How high-resolution agent-based models can improve fundamental insights in tissue development and cell culturing methods
Paul Van Liedekerke, Jiří Pešek, Kevin Alessandri, Dirk Drasdo
TL;DR
This work surveys high-resolution, physics-driven agent-based modeling for tissue development, focusing on Deformable Cell Models (DCMs) that represent cells as surface-traced shells with explicit cortex mechanics. By contrasting DCMs with SEMs, PFMs, CPMs, and Vertex Models, the authors highlight the trade-offs between geometric fidelity and computational cost, and they outline the force-balance framework that governs node dynamics in DCMs.
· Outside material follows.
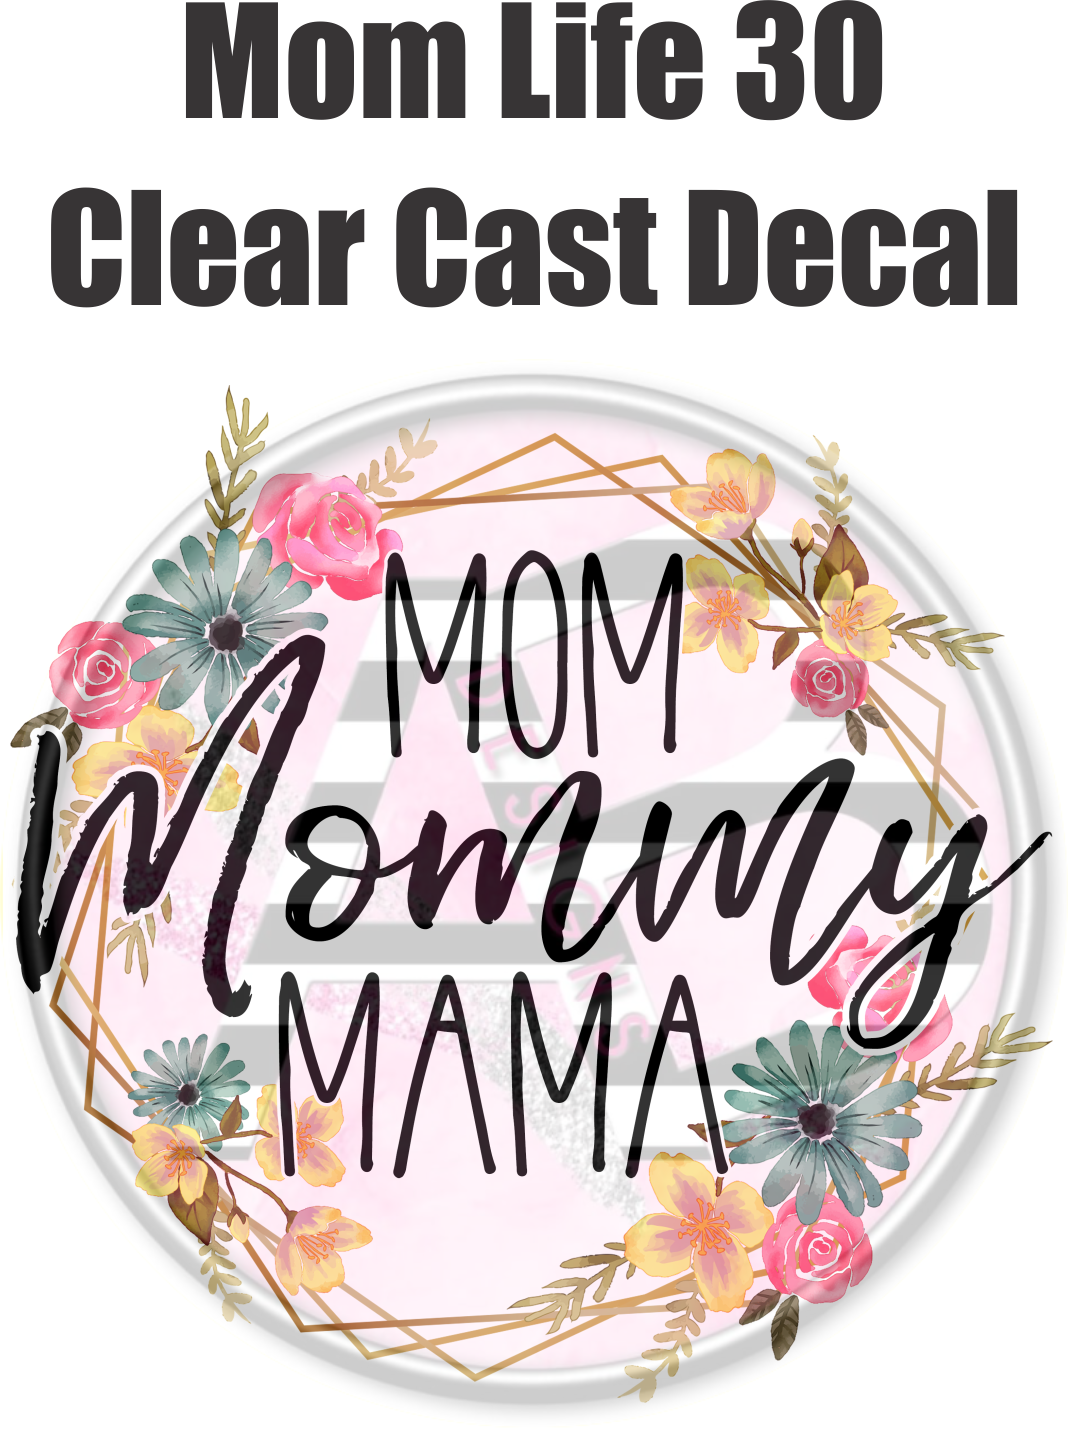 Mom Life 30 - Clear Cast Decal

The paper reviews DCM components, calibration/validation strategies, computational considerations, and software availability, and demonstrates applications to monolayers, spheroids, organoids, micro-carriers, and early embryonic morphogenesis, including lumen and canaliculi formation. The authors argue that DCMs can generate quantitative insights into how subcellular and cortical properties influence tissue-scale structure, with potential for hybrid models and digital-twin workflows, while also calling for standardization and broader access to DCM software to accelerate adoption in biology and biotechnology.
Abstract
The fundamental understanding of how cells physically interact with each other and their environment is key to understanding their organisation in living tissues. Over the past decades several computational methods have been developed to decipher emergent multi-cellular behaviors. In particular agent-based (or cell-based) models that consider the individual cell as basic modeling unit tracked in space and time enjoy increasing interest across scientific communities. In this article we explore a particular class of cell-based models, so-called Deformable Cell Models (DCMs), that allow to simulate the biophysics of the cell with high realism. After situating this model among other model types, We give an overview of past and recent DCM developments and discuss new simulation results of several applications covering in-vitro and in-vivo systems. Our goal is to demonstrate how such models can generate quantitative added value in biological and biotechnological problems.